Your objective :: Transcribe the listing exactly as written. Leave the images out.

*** Opening of Data ***

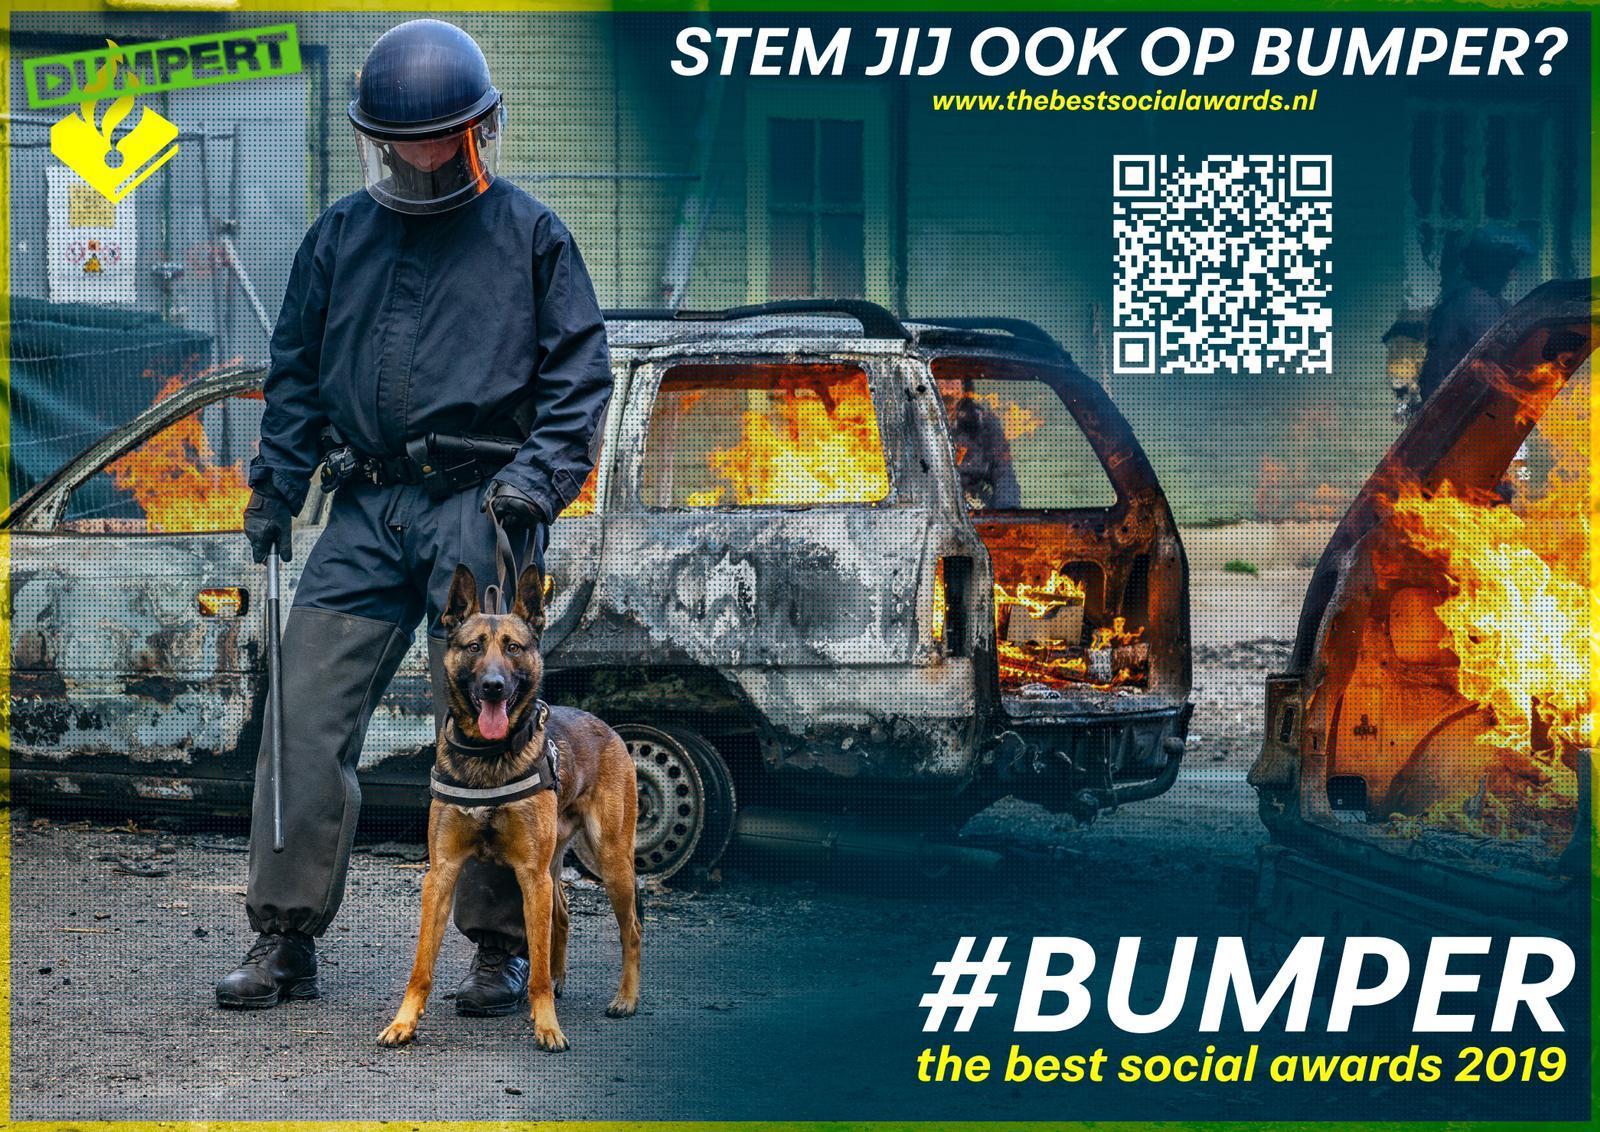 Dumpertheld Bumper genomineerd voor Best social awards
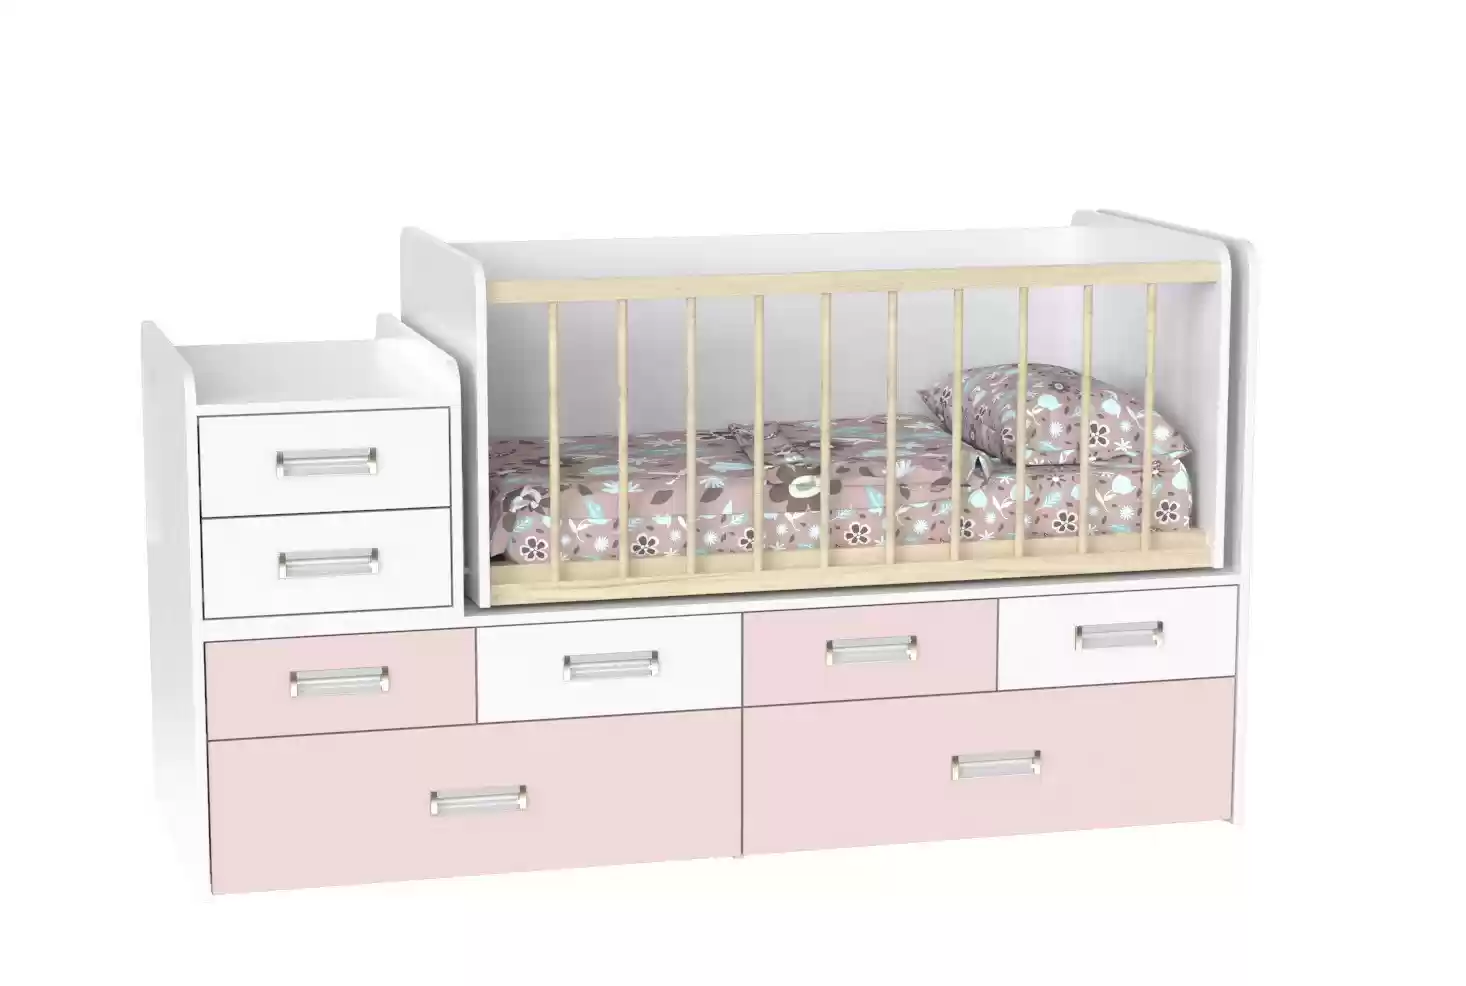 Дитяче ліжко Binky DS4114 (3 в 1) аляска/сакура + аляска (ДСП)
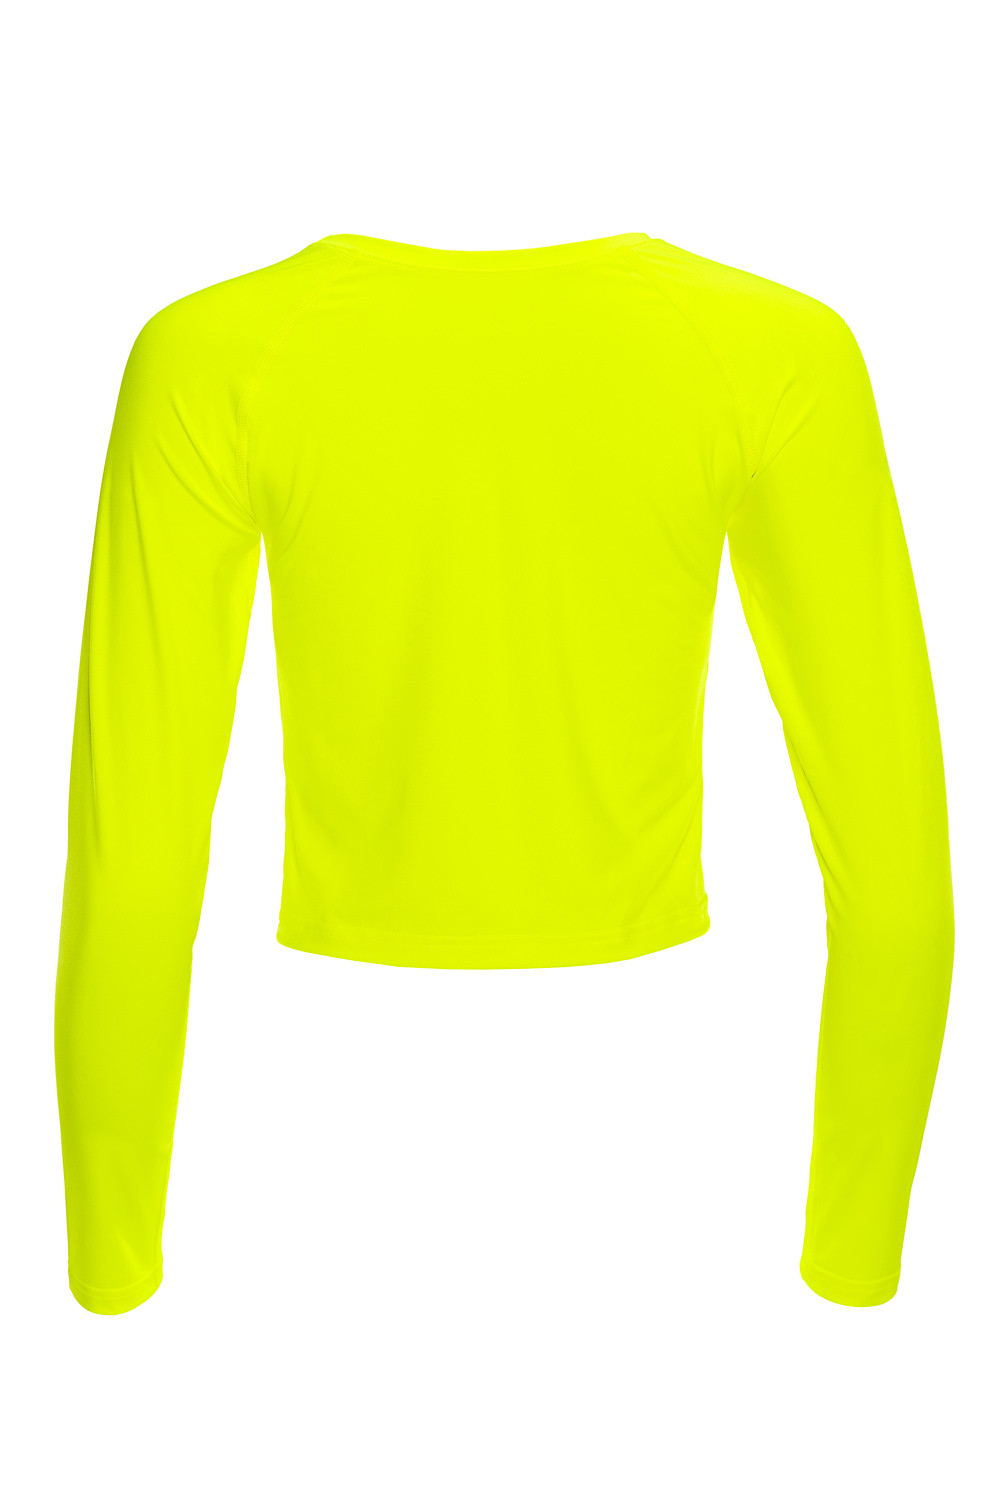 AET116, Sleeve neon Top Style gelb, Long Light Functional Cropped Slim Winshape

*** Close of Data ***

Response ::
 Dumpertheld Bumper genomineerd voor Best social awards
 Дитяче ліжко Binky DS4114 (3 в 1) аляска/сакура + аляска (ДСП)
 AET116, Sleeve neon Top Style gelb, Long Light Functional Cropped Slim Winshape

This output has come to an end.